__What you should do__: Leave out the images; return the rest of the data exactly.

__Collected material__:
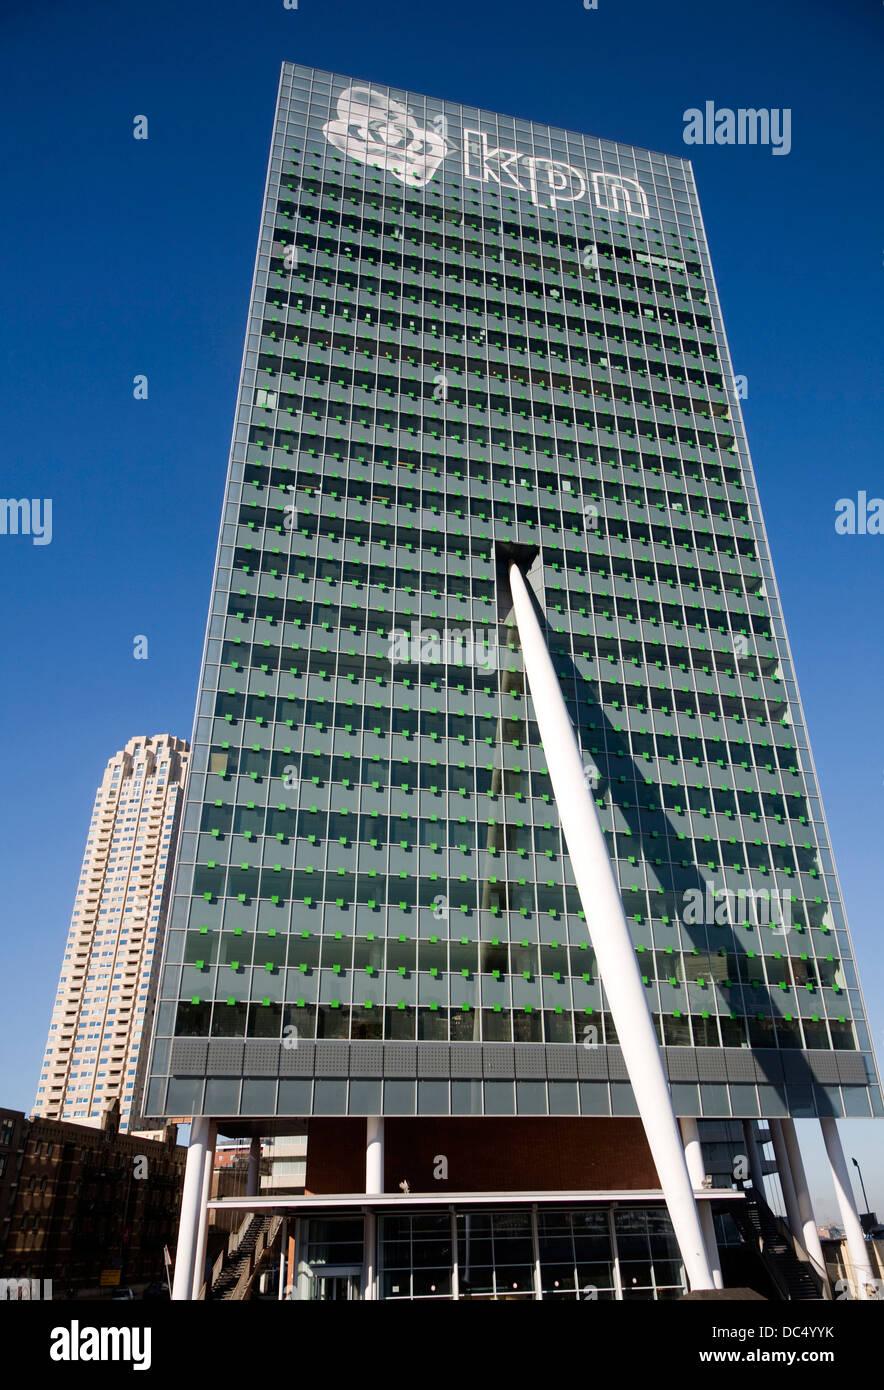 KPN building by Renzo Piano Rotterdam Netherlands - Stock Image
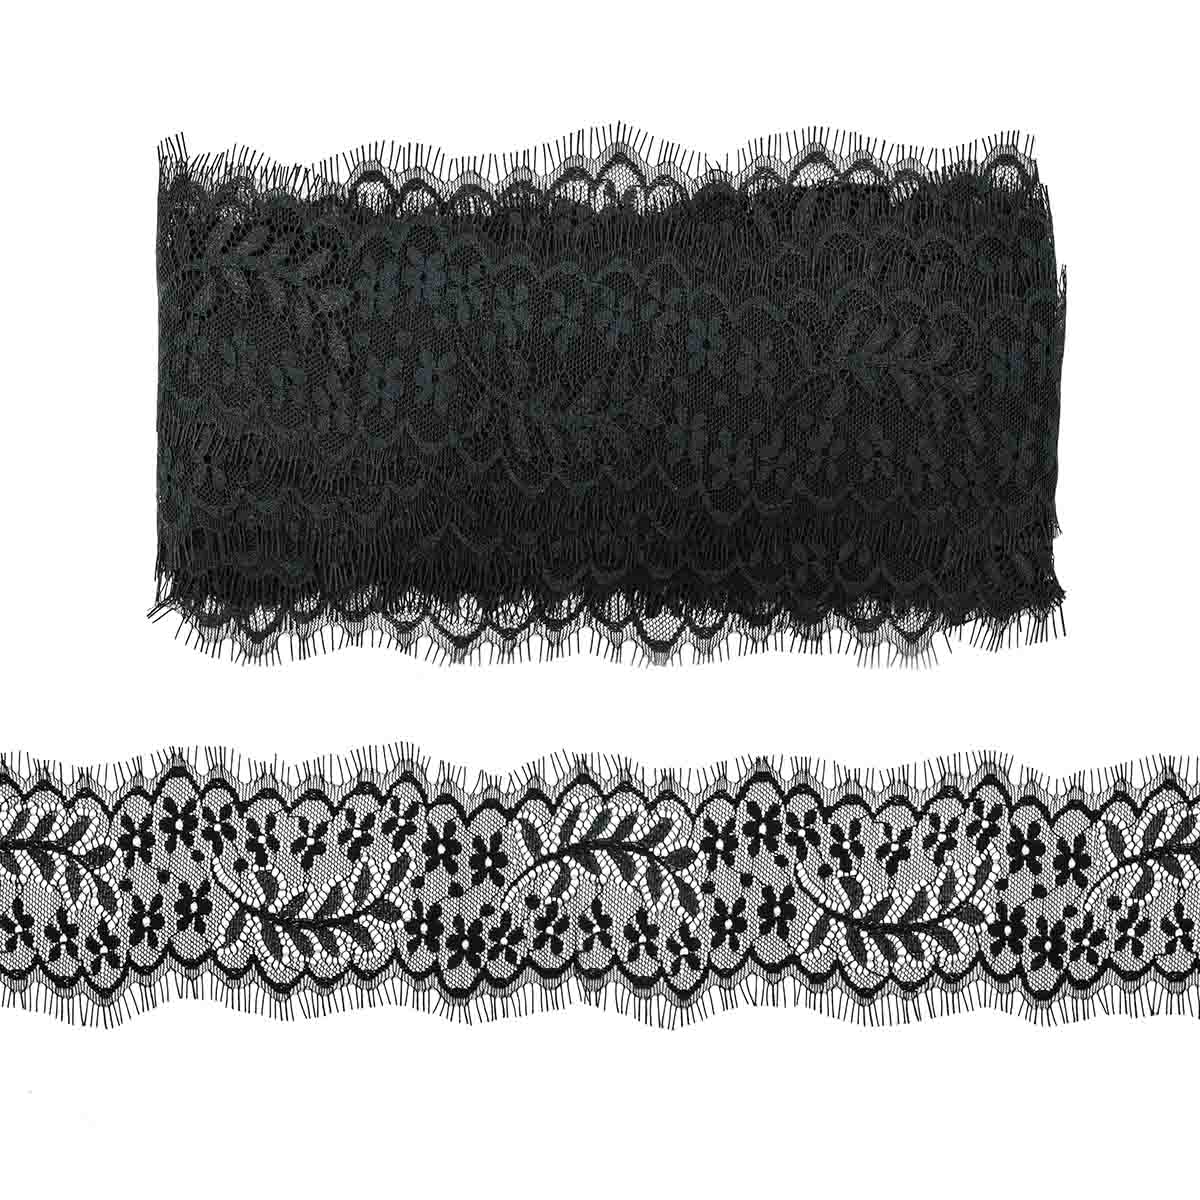 SJ061 Кружево 'Шантильи' на сетке 8,0см*15м
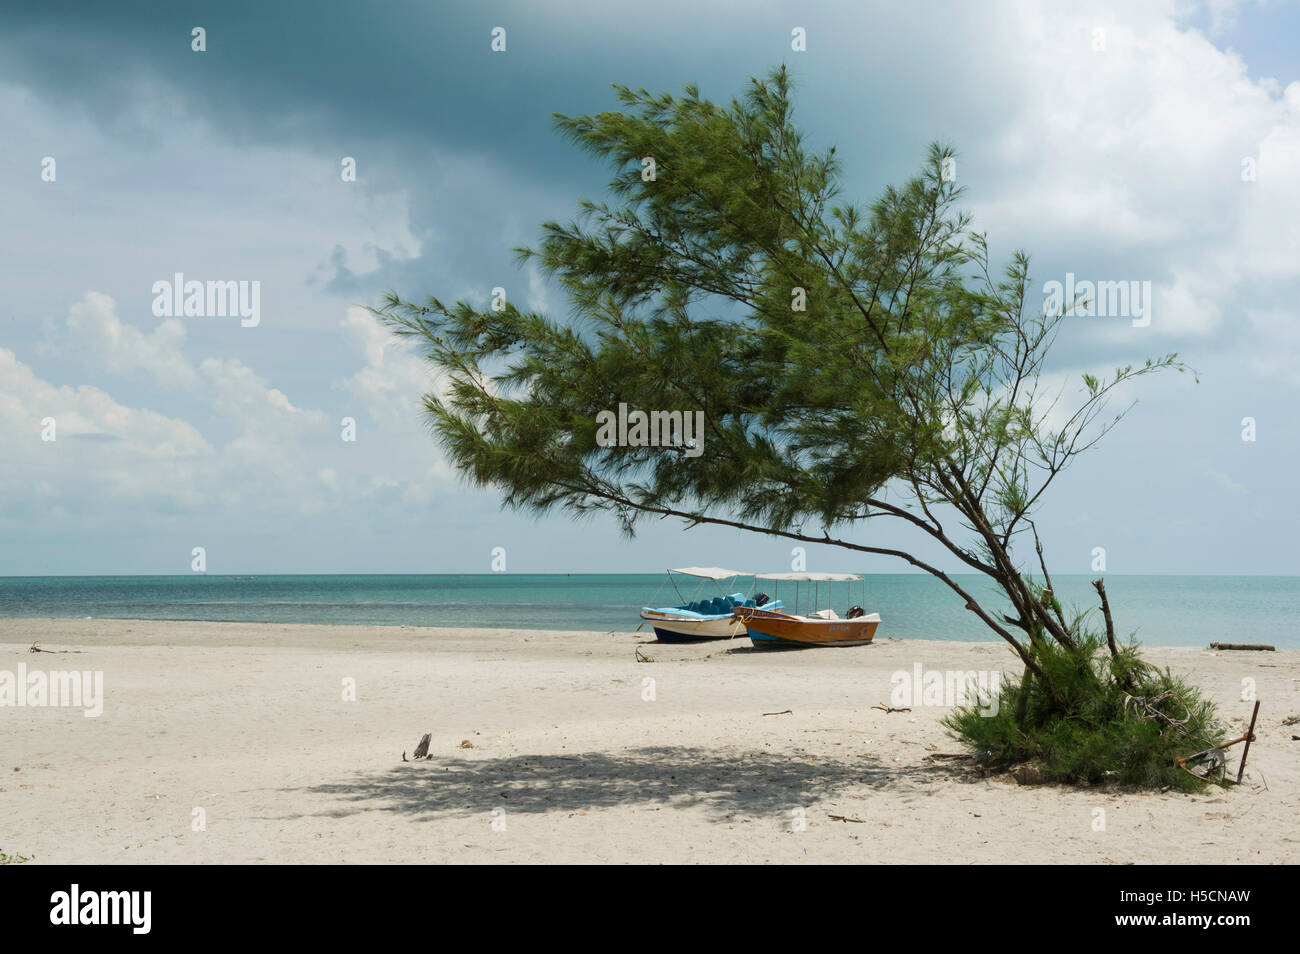 Casuarina beach, Karainagar, Jaffna Peninsula, Sri Lanka - Stock Image
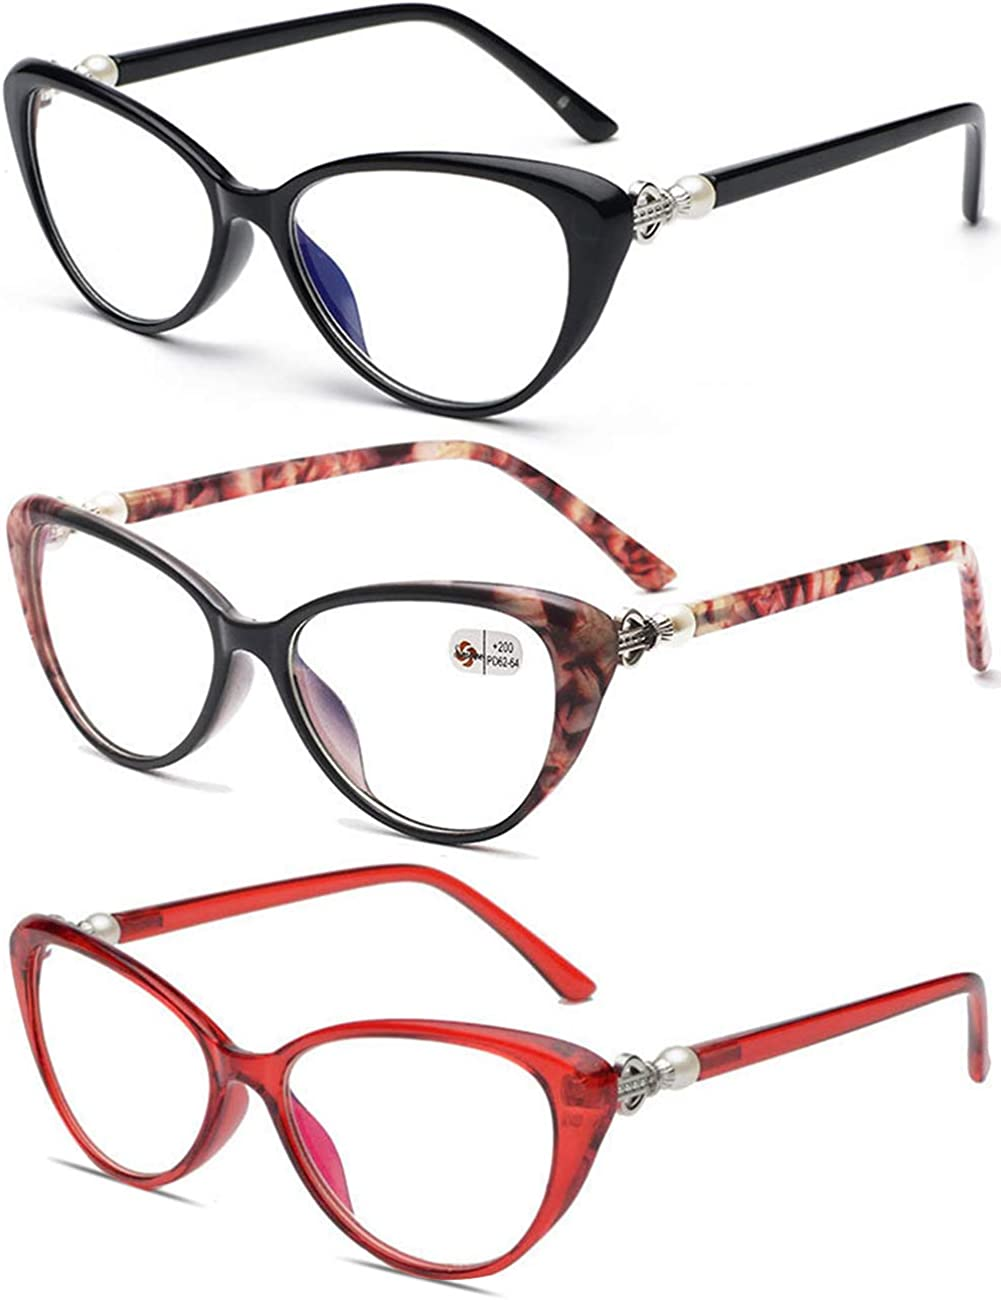 VEVESMUNDO Cateye Reading Glasses Ladies Women Men Anti Fatigue Retro Eyeglasses

__Exercise result__:
 KPN building by Renzo Piano Rotterdam Netherlands - Stock Image
 SJ061 Кружево 'Шантильи' на сетке 8,0см*15м
 Casuarina beach, Karainagar, Jaffna Peninsula, Sri Lanka - Stock Image
 VEVESMUNDO Cateye Reading Glasses Ladies Women Men Anti Fatigue Retro Eyeglasses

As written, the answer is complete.